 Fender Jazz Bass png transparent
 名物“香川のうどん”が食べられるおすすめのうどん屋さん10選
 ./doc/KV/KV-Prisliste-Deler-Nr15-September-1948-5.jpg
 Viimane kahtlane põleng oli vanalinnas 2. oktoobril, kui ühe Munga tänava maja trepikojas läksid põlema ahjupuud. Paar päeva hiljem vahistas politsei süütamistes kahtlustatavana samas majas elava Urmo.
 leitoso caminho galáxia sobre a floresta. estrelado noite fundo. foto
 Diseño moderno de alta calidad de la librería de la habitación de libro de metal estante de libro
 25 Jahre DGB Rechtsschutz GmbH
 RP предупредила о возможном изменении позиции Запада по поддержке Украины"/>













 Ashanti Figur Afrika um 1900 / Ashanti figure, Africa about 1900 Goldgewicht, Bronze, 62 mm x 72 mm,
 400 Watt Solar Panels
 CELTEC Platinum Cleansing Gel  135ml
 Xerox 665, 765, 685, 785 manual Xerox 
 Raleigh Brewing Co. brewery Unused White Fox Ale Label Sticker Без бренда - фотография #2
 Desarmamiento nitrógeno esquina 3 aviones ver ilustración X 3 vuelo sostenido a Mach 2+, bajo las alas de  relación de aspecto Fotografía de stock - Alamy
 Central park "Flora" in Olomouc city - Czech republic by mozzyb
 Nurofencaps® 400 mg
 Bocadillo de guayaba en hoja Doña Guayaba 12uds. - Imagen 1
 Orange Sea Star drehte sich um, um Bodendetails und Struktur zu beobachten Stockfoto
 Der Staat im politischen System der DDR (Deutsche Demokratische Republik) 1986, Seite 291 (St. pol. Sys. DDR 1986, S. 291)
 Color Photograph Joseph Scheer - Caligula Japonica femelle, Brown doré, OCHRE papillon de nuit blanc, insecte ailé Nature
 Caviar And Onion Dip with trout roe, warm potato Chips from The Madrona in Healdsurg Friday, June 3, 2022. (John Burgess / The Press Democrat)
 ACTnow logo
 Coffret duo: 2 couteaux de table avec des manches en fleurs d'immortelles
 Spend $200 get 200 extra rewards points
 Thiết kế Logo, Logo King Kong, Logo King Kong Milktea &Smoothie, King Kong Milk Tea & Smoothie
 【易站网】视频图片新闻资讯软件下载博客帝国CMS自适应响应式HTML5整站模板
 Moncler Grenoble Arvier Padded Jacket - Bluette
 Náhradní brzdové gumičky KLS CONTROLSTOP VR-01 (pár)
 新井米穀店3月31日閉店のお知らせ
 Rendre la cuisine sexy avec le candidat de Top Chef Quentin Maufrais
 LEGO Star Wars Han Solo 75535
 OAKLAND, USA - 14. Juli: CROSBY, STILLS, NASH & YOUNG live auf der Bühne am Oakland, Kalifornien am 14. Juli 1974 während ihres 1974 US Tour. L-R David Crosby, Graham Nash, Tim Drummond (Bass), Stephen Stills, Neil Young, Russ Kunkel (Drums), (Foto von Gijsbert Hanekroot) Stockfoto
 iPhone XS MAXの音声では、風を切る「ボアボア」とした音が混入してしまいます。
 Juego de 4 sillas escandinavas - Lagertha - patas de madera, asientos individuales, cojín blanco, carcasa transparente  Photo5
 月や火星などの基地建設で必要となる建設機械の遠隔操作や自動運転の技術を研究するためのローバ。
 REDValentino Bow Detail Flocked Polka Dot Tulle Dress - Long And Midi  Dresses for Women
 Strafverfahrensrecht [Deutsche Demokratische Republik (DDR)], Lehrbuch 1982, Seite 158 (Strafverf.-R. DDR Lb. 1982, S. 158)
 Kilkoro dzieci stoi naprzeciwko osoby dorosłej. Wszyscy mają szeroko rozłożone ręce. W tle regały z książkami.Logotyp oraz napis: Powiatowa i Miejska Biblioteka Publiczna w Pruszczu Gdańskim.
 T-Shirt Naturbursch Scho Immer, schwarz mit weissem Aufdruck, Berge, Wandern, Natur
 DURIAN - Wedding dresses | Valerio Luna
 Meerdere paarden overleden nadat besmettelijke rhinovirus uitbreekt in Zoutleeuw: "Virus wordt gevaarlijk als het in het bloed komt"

= = = = = = =

▶ **DIRECTIONS FOR THIS TASK**
The required output is the whole listing, printed again exactly.

▶ **THE COMPLETED TASK**
 Fender Jazz Bass png transparent
 名物“香川のうどん”が食べられるおすすめのうどん屋さん10選
 ./doc/KV/KV-Prisliste-Deler-Nr15-September-1948-5.jpg
 Viimane kahtlane põleng oli vanalinnas 2. oktoobril, kui ühe Munga tänava maja trepikojas läksid põlema ahjupuud. Paar päeva hiljem vahistas politsei süütamistes kahtlustatavana samas majas elava Urmo.
 leitoso caminho galáxia sobre a floresta. estrelado noite fundo. foto
 Diseño moderno de alta calidad de la librería de la habitación de libro de metal estante de libro
 25 Jahre DGB Rechtsschutz GmbH
 RP предупредила о возможном изменении позиции Запада по поддержке Украины"/>













 Ashanti Figur Afrika um 1900 / Ashanti figure, Africa about 1900 Goldgewicht, Bronze, 62 mm x 72 mm,
 400 Watt Solar Panels
 CELTEC Platinum Cleansing Gel  135ml
 Xerox 665, 765, 685, 785 manual Xerox 
 Raleigh Brewing Co. brewery Unused White Fox Ale Label Sticker Без бренда - фотография #2
 Desarmamiento nitrógeno esquina 3 aviones ver ilustración X 3 vuelo sostenido a Mach 2+, bajo las alas de  relación de aspecto Fotografía de stock - Alamy
 Central park "Flora" in Olomouc city - Czech republic by mozzyb
 Nurofencaps® 400 mg
 Bocadillo de guayaba en hoja Doña Guayaba 12uds. - Imagen 1
 Orange Sea Star drehte sich um, um Bodendetails und Struktur zu beobachten Stockfoto
 Der Staat im politischen System der DDR (Deutsche Demokratische Republik) 1986, Seite 291 (St. pol. Sys. DDR 1986, S. 291)
 Color Photograph Joseph Scheer - Caligula Japonica femelle, Brown doré, OCHRE papillon de nuit blanc, insecte ailé Nature
 Caviar And Onion Dip with trout roe, warm potato Chips from The Madrona in Healdsurg Friday, June 3, 2022. (John Burgess / The Press Democrat)
 ACTnow logo
 Coffret duo: 2 couteaux de table avec des manches en fleurs d'immortelles
 Spend $200 get 200 extra rewards points
 Thiết kế Logo, Logo King Kong, Logo King Kong Milktea &Smoothie, King Kong Milk Tea & Smoothie
 【易站网】视频图片新闻资讯软件下载博客帝国CMS自适应响应式HTML5整站模板
 Moncler Grenoble Arvier Padded Jacket - Bluette
 Náhradní brzdové gumičky KLS CONTROLSTOP VR-01 (pár)
 新井米穀店3月31日閉店のお知らせ
 Rendre la cuisine sexy avec le candidat de Top Chef Quentin Maufrais
 LEGO Star Wars Han Solo 75535
 OAKLAND, USA - 14. Juli: CROSBY, STILLS, NASH & YOUNG live auf der Bühne am Oakland, Kalifornien am 14. Juli 1974 während ihres 1974 US Tour. L-R David Crosby, Graham Nash, Tim Drummond (Bass), Stephen Stills, Neil Young, Russ Kunkel (Drums), (Foto von Gijsbert Hanekroot) Stockfoto
 iPhone XS MAXの音声では、風を切る「ボアボア」とした音が混入してしまいます。
 Juego de 4 sillas escandinavas - Lagertha - patas de madera, asientos individuales, cojín blanco, carcasa transparente  Photo5
 月や火星などの基地建設で必要となる建設機械の遠隔操作や自動運転の技術を研究するためのローバ。
 REDValentino Bow Detail Flocked Polka Dot Tulle Dress - Long And Midi  Dresses for Women
 Strafverfahrensrecht [Deutsche Demokratische Republik (DDR)], Lehrbuch 1982, Seite 158 (Strafverf.-R. DDR Lb. 1982, S. 158)
 Kilkoro dzieci stoi naprzeciwko osoby dorosłej. Wszyscy mają szeroko rozłożone ręce. W tle regały z książkami.Logotyp oraz napis: Powiatowa i Miejska Biblioteka Publiczna w Pruszczu Gdańskim.
 T-Shirt Naturbursch Scho Immer, schwarz mit weissem Aufdruck, Berge, Wandern, Natur
 DURIAN - Wedding dresses | Valerio Luna
 Meerdere paarden overleden nadat besmettelijke rhinovirus uitbreekt in Zoutleeuw: "Virus wordt gevaarlijk als het in het bloed komt"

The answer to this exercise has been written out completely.